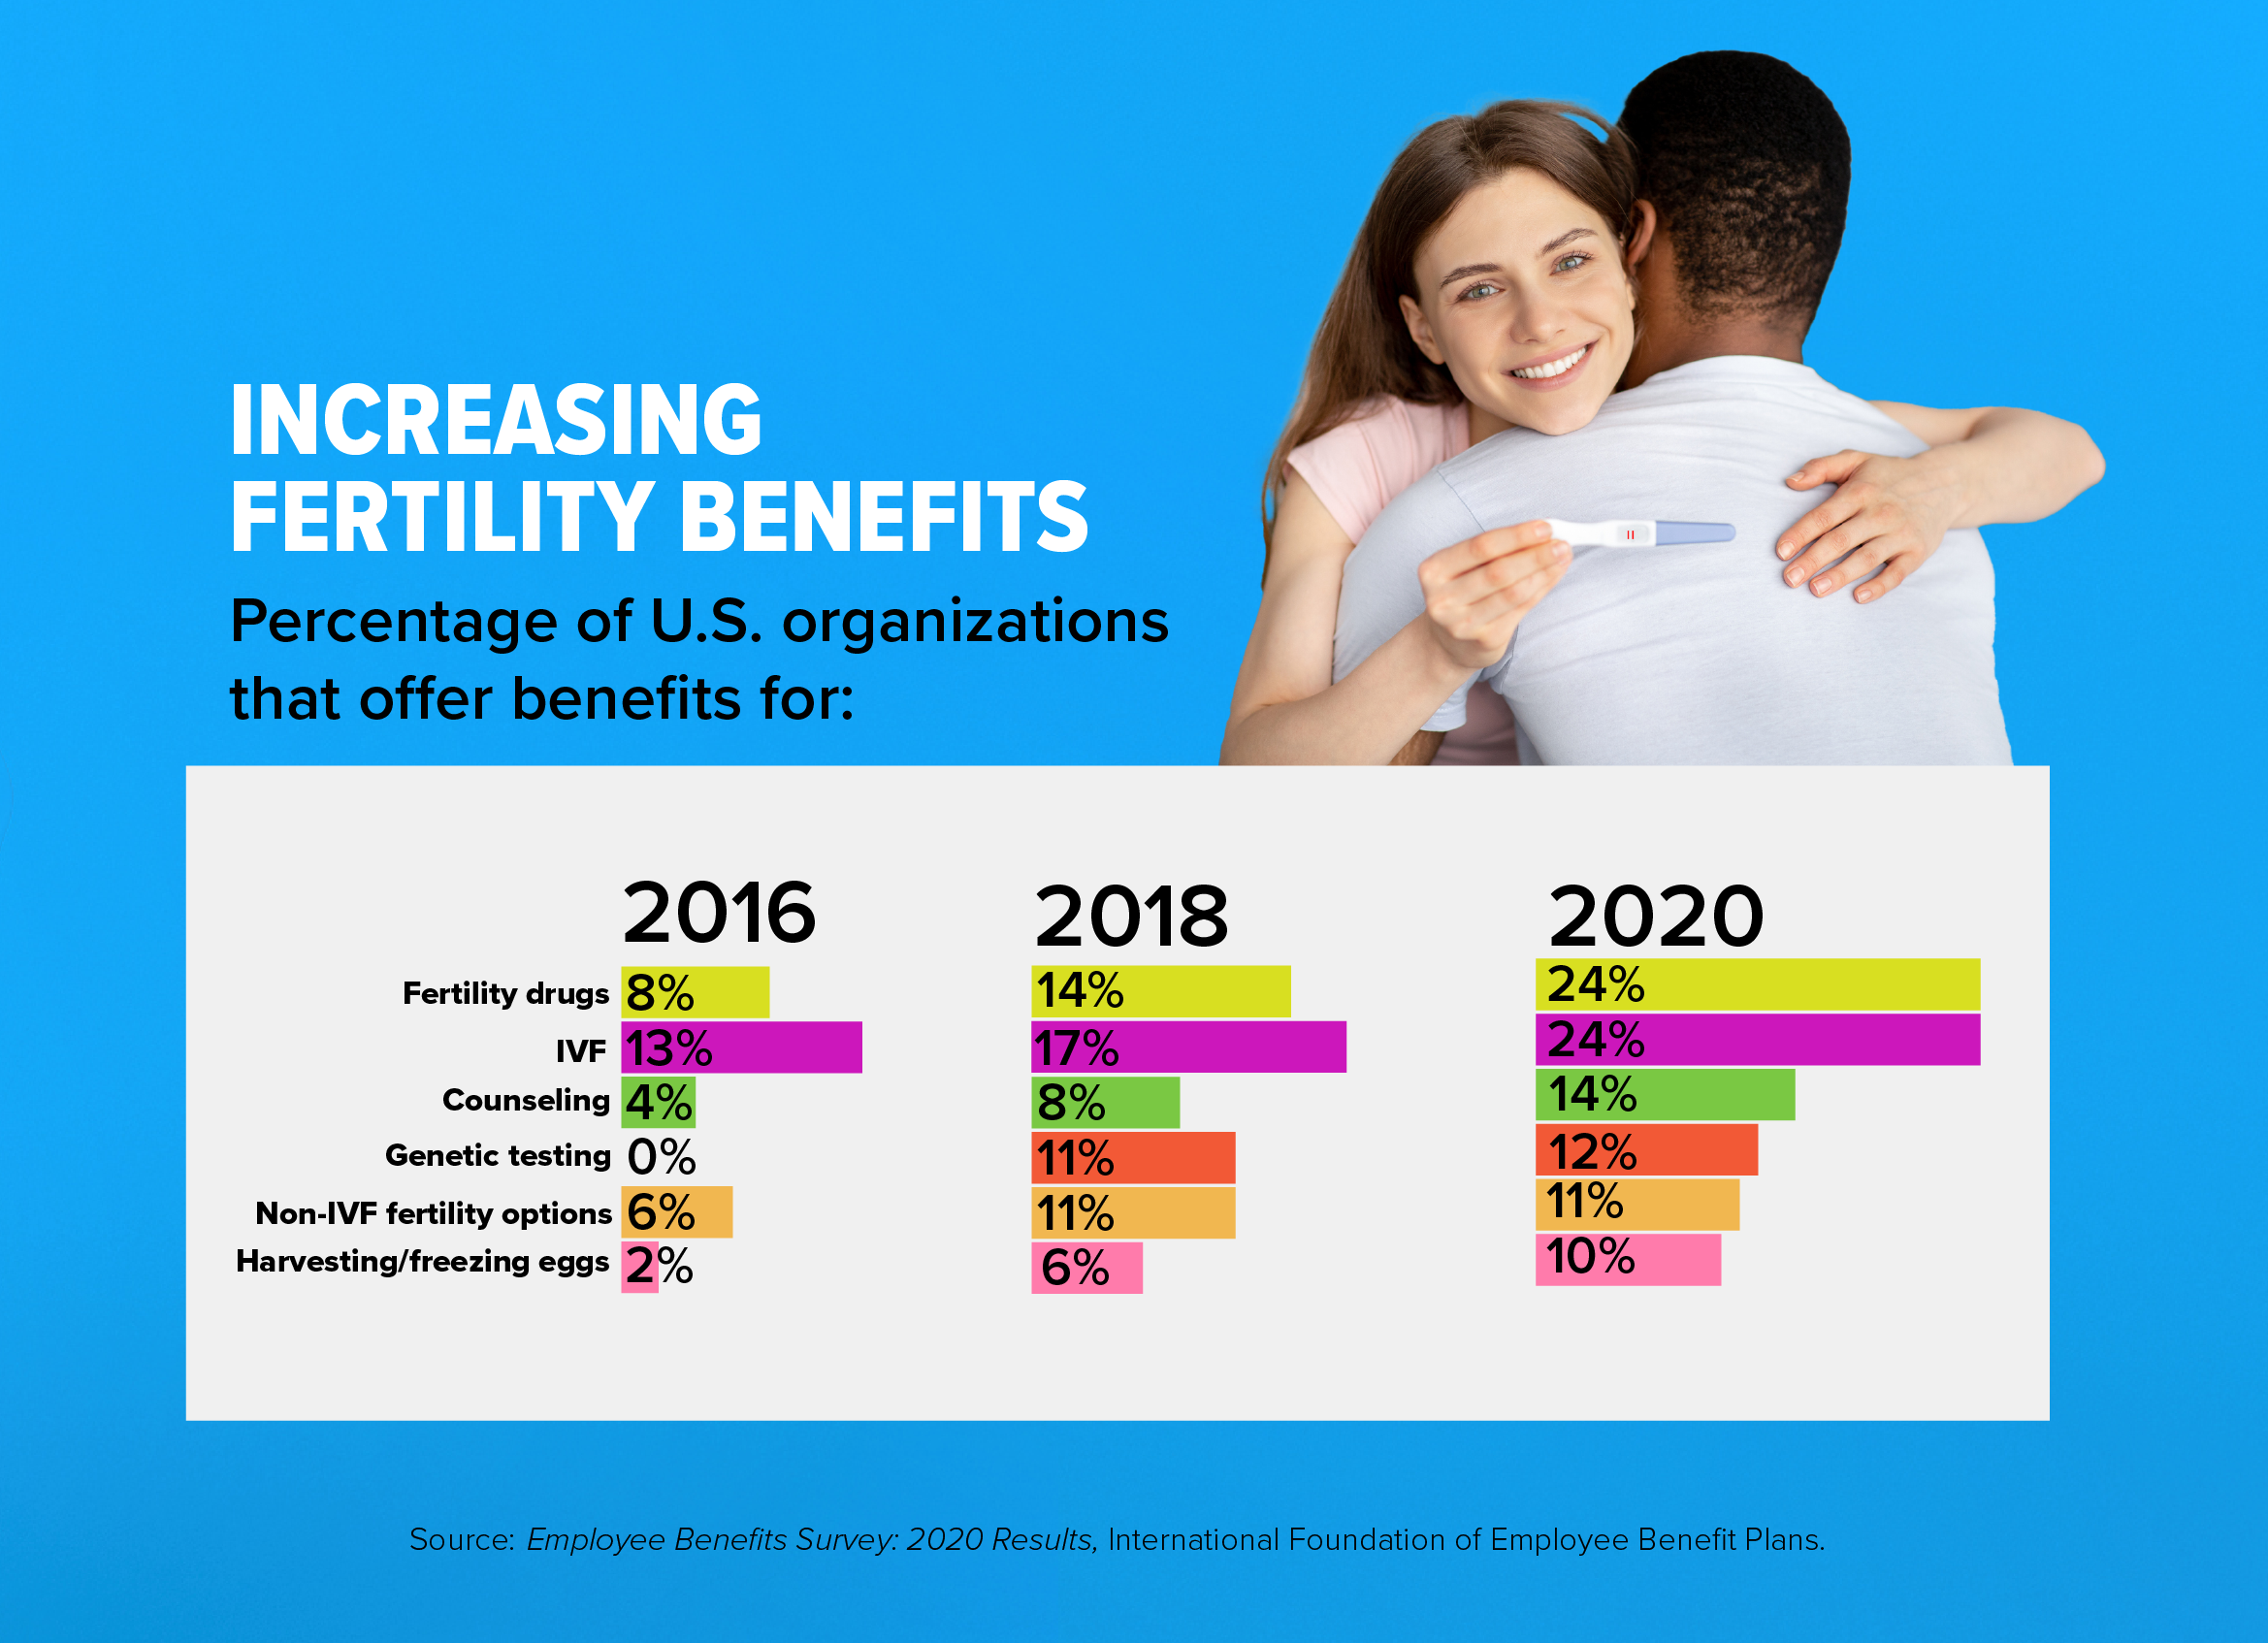 Fertility benefits
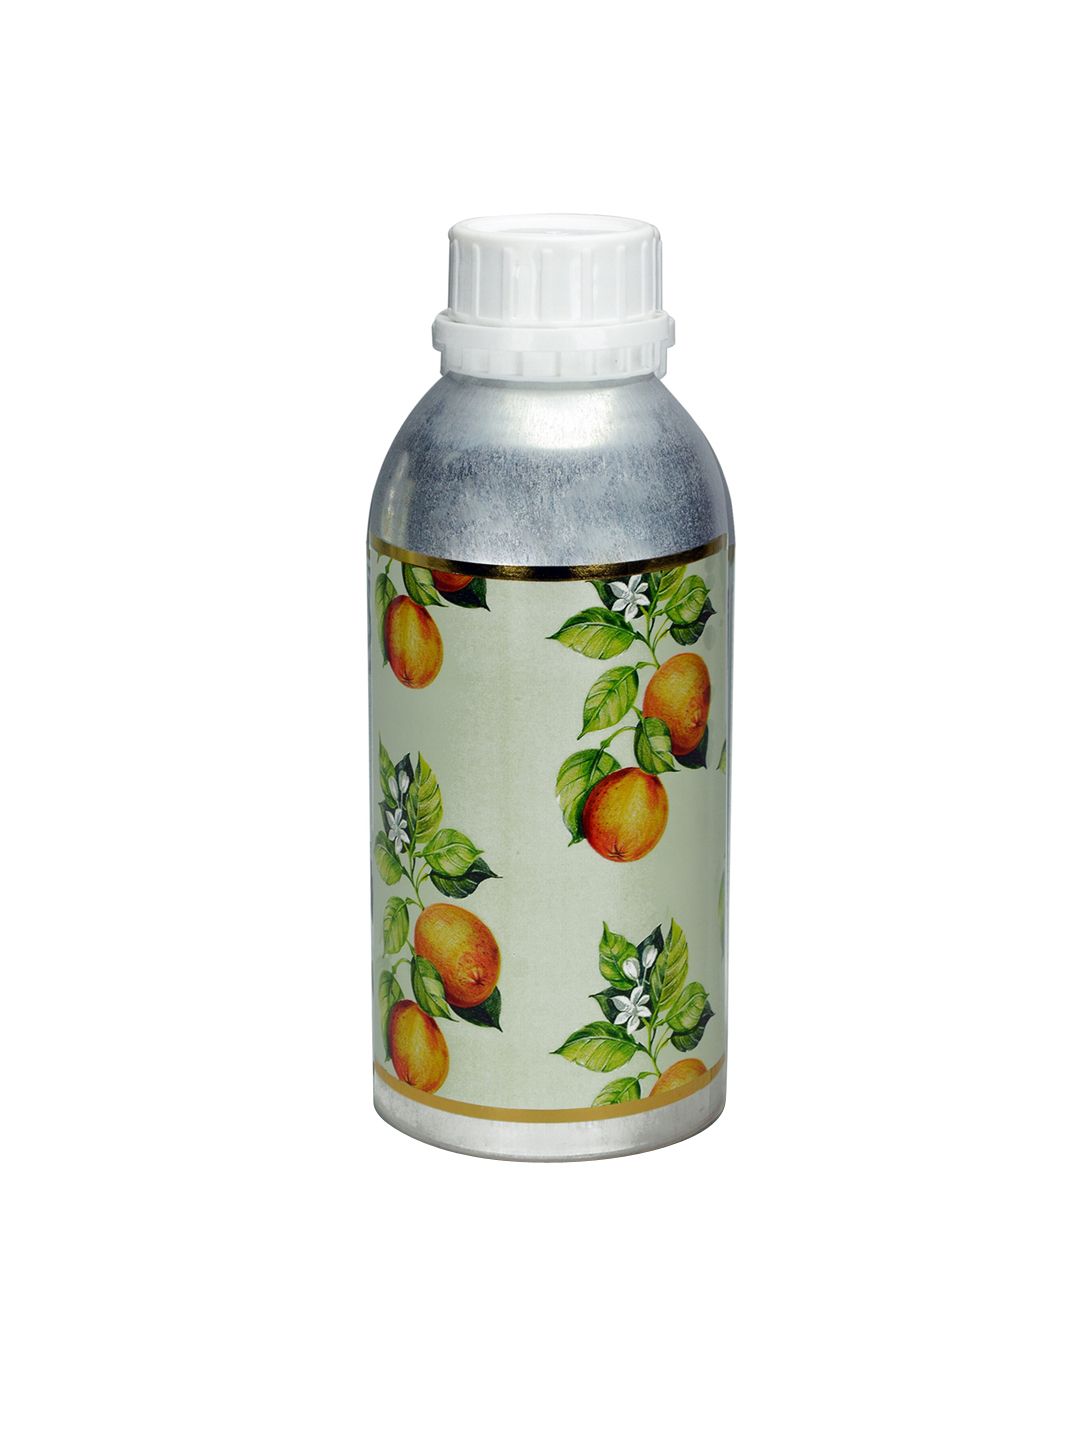 Iris Unisex Orange Aroma Oil Diffusers Price in India
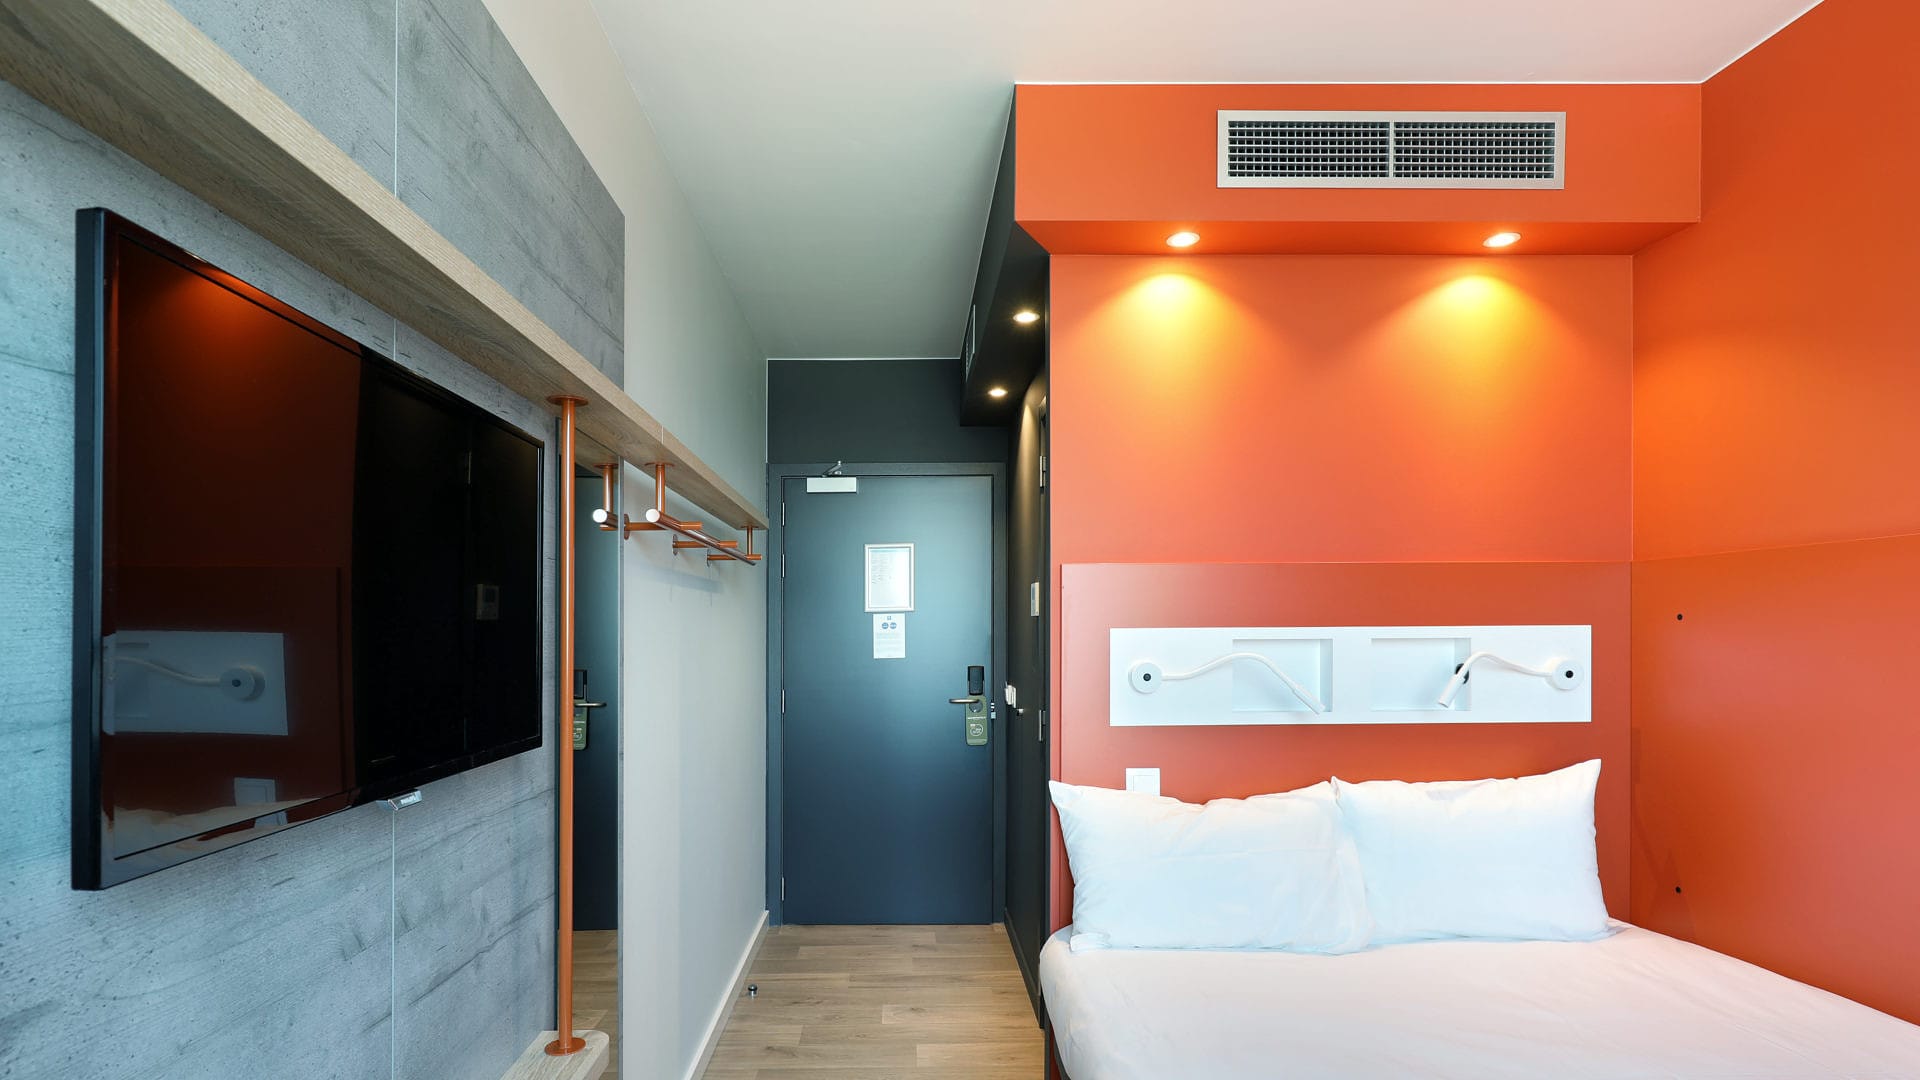 Interieur Ibis hotel Gent - realisatie Wyckaert

Try it:
Reproduce the material exactly; keep pictures out.

Result of this task:
 Fertility benefits
 Iris Unisex Orange Aroma Oil Diffusers Price in India
 Interieur Ibis hotel Gent - realisatie Wyckaert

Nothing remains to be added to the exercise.